Other vendors in China are making money combining OpenClaw with hardware. Li Gong, a Shenzhen-based seller of refurbished Mac computers, was among the first online sellers to do this—offering Mac minis and MacBooks with OpenClaw preinstalled. Because OpenClaw is designed to operate with deep access to a hard drive and can run continuously in the background unattended, many users prefer to install it on a separate device rather than on the one they use every day. This would help prevent bad actors from infiltrating the program and immediately gaining access to a wide swathe of someone’s personal information. Many turn to secondhand or refurbished options to keep the cost down. Li says that in the last two weeks, orders have increased eightfold.
Though OpenClaw itself is a new technology, the general practice of buying software bundles, downloading third-party packages, and seeking out modified devices is nothing new for many Chinese internet users, says Tianyu Fang, a PhD candidate studying the history of technology at Harvard University. Many users pay for one-off IT support services for tasks from installing Adobe software to jailbreaking a Kindle.
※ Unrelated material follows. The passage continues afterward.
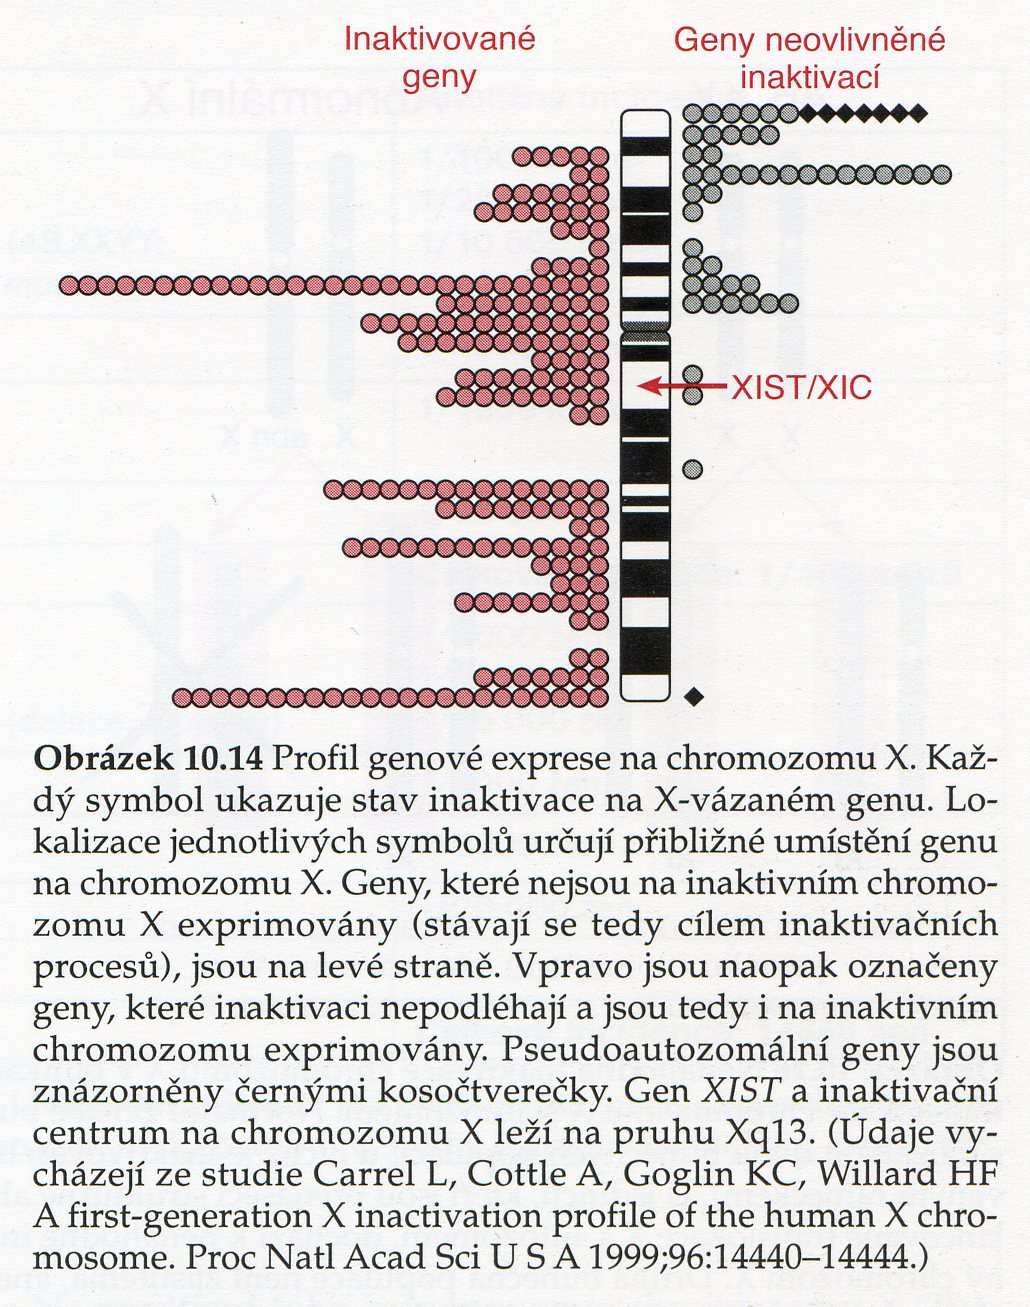 CHROMOSOM X na inaktivovaném X chromosomu je inaktivována většina genů, ale některé zůstávají aktivní (10 15% genů), k jejich přepisu dochází na inaktivovaném i neinaktivovaném chromosomu, více je

Still, not everyone is getting swept up. Jiang Yunhui, a tech worker based in Ningbo, worries that ordinary users who struggle with setup may not be the right audience for a technology that is still effectively in testing.
“The hype in first-tier cities can be a little overblown,” he says. “The agent is still a proof of concept, and I doubt it would be of any life-changing use to the average person for now.” He argues that using it safely and getting anything meaningful out of it requires a level of technical fluency and independent judgment that most new users simply don't have yet.
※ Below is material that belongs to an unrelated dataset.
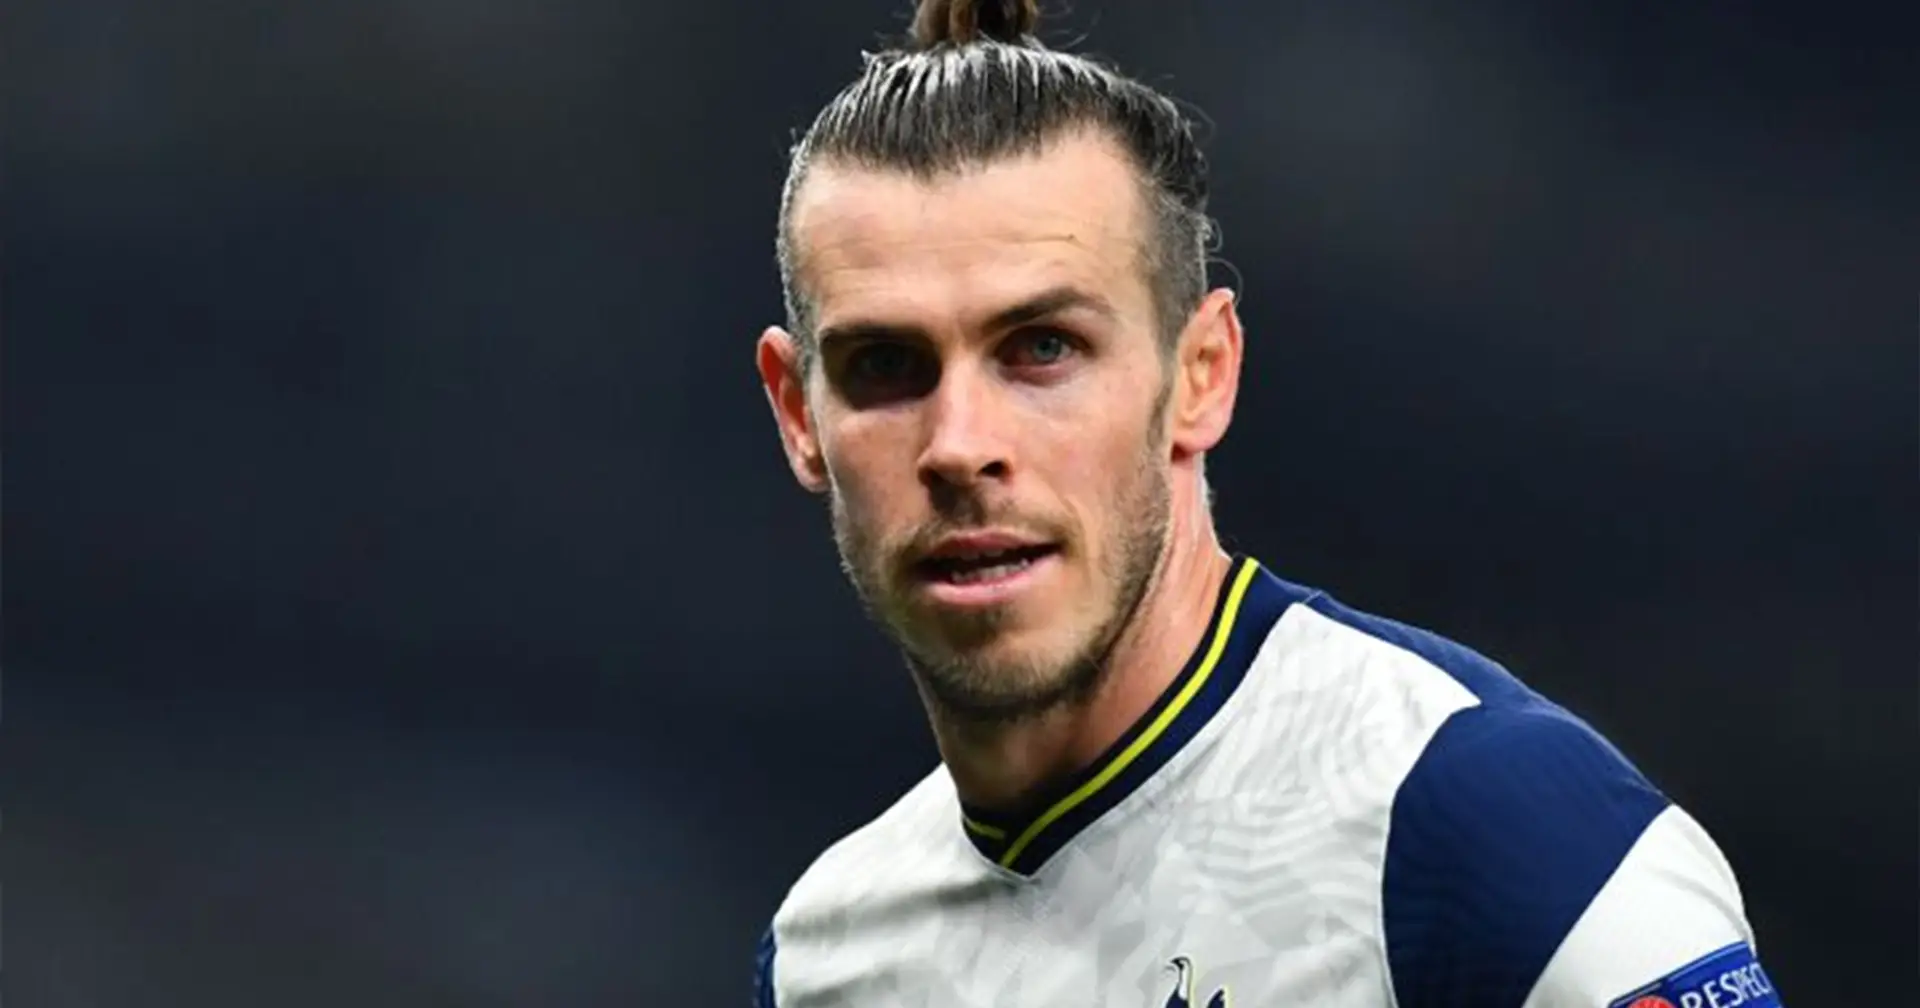 El mal paso de Bale por el Tottenham le costará al Madrid 40M de euros

He’s not alone in his concerns. On March 10, the Chinese cybersecurity regulator CNCERT issued a warning about the security and data risks tied to OpenClaw, saying it heightens users’ exposure to data breaches.
Despite the potential pitfalls, though, China’s enthusiasm for OpenClaw doesn’t seem to be slowing.
Feng, now flush with the earnings from his operation, wants to use the momentum—and the capital—to keep building out his own venture with AI tools at the center of it.
“With OpenClaw and other AI agents, I want to see if I can run a one-person company,” he says. “I’m giving myself one year.”